Sal asked, “Where is he?”
“In the basement. This way...”
Roberta and Sal were pros. In no time, they had Levi on a stretcher, an oxygen mask on his face and an IV in his arm. James helped them get Levi up the stairs. As they put him in the ambulance, Addie ran back inside to grab her purse and lock up. Her sweet-natured chocolate Labrador retriever, Moose, followed after her, whining with concern. Addie told the dog to stay. With another worried whine, Moose trotted to the porch and dropped to his haunches. Addie climbed in the back of the ambulance with her grandfather and Roberta.

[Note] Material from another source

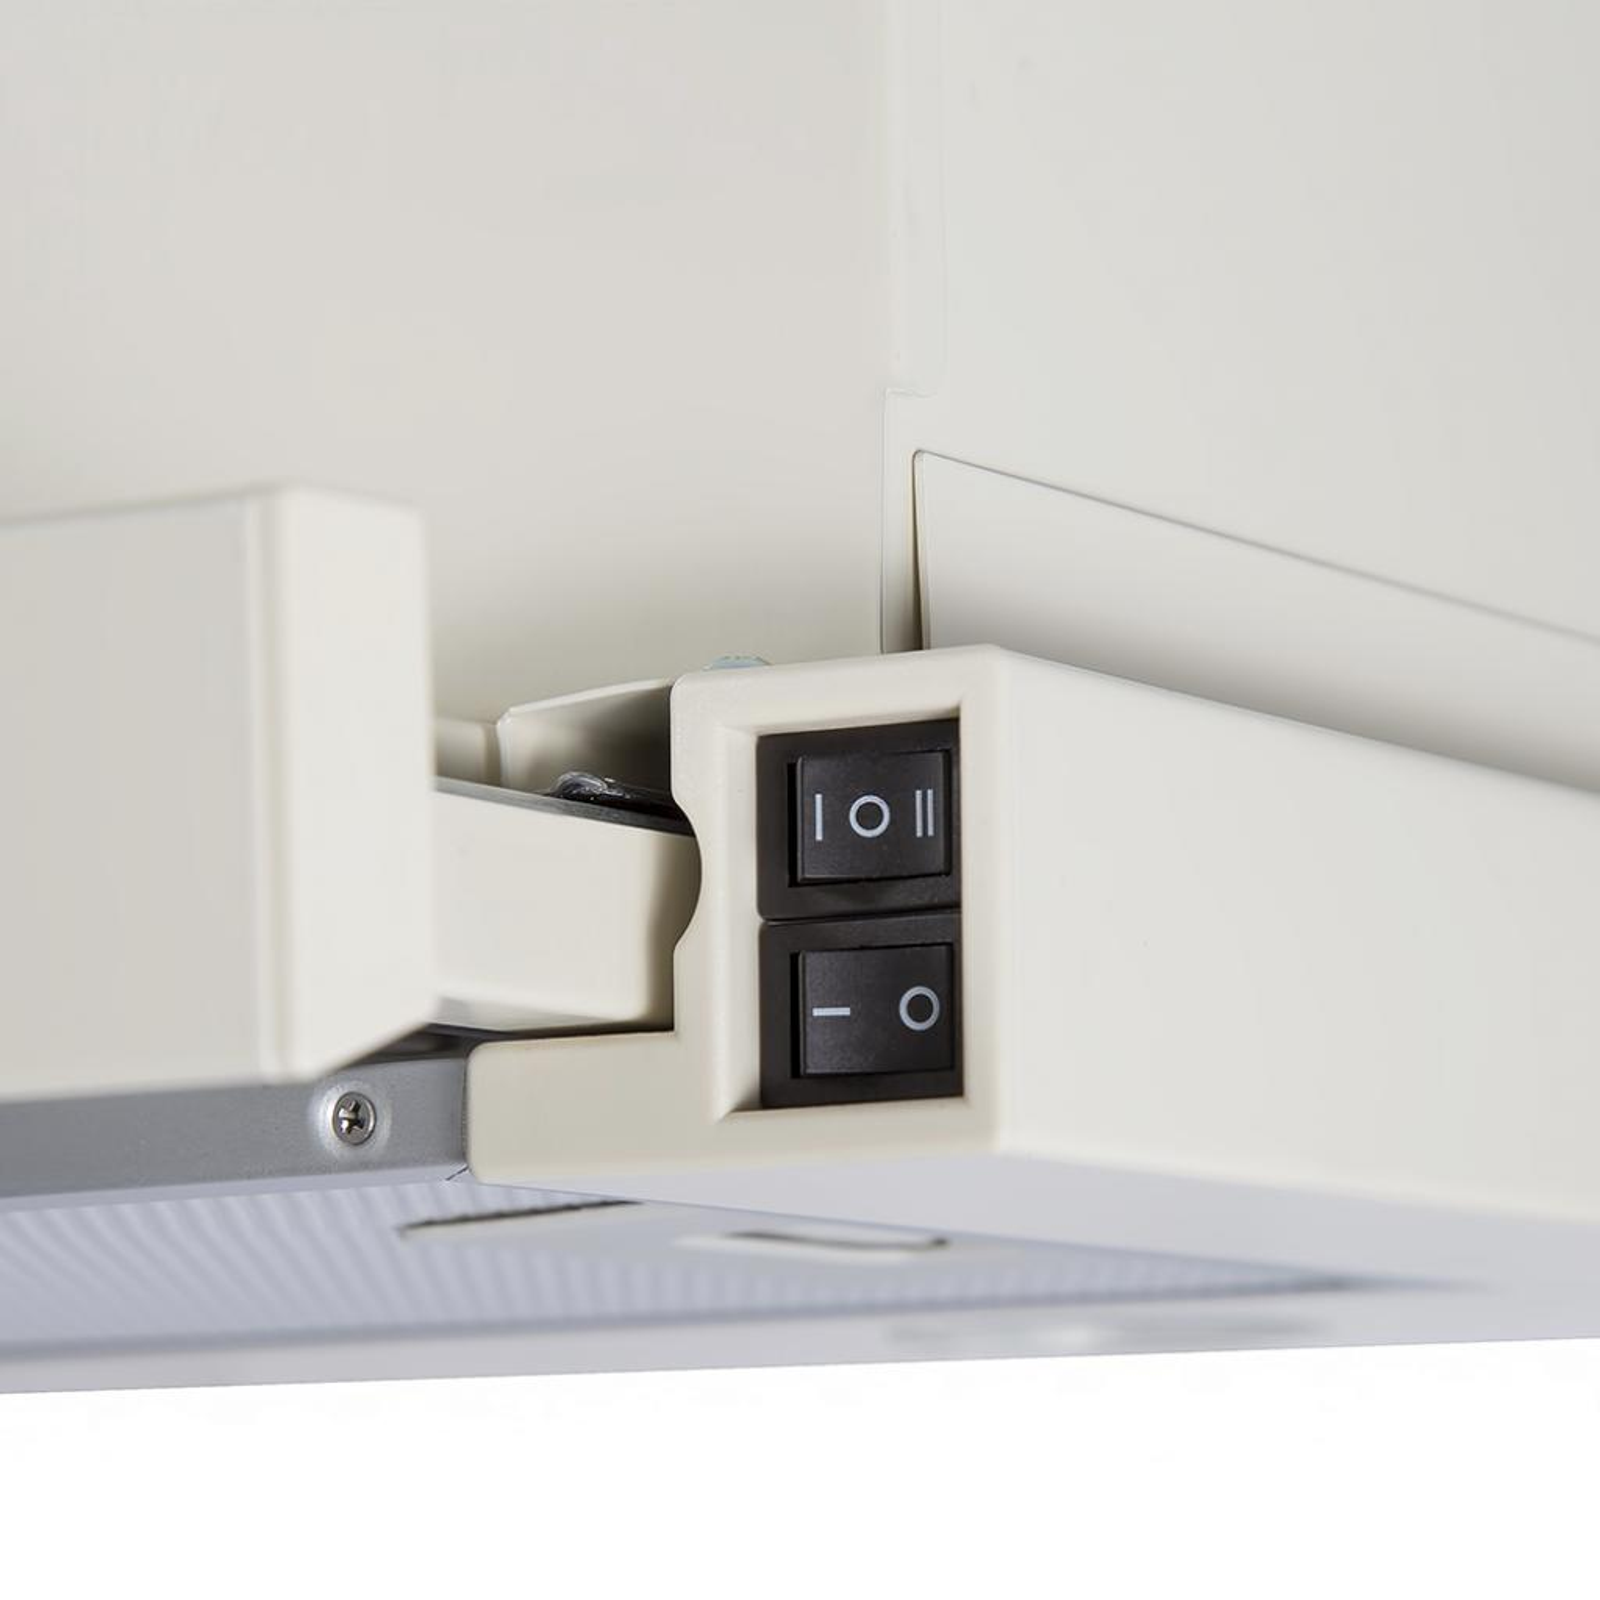 Вытяжка кухонная PERFELLI TL 5103 IV LED изображение 3

Sal went around and got in behind the wheel. James trailed after him.
“Who blew the hole in the kitchen floor?” Sal asked out the open driver’s window as he started the engine.
“Levi was cleaning his shotgun.”
Sal just shook his head. “You’ve got blood on your collar.”
“It’s nothing. You taking him to Justice Creek General?”
With a nod, Sal put it in gear.
A moment later, James stood there alone in the dirt yard a few feet from Levi’s pre-WWII green Ford pickup, which had no doubt been used to kidnap him. Overhead, the sun beamed down. Not a cloud in the sky. It wasn’t at all the kind of day a man expected to be kidnapped on. Gently, he probed the goose egg on the back of his head. It was going to be fine. He was going to be fine.
Levi, though?
Hard to say.
And what about Addie, all on her own at Justice Creek General, waiting to hear if her granddad would make it or not? At a time like this, a woman should have family around her. Her half sister, Carmen, would come from Wyoming. But how long would it take for Carmen to arrive?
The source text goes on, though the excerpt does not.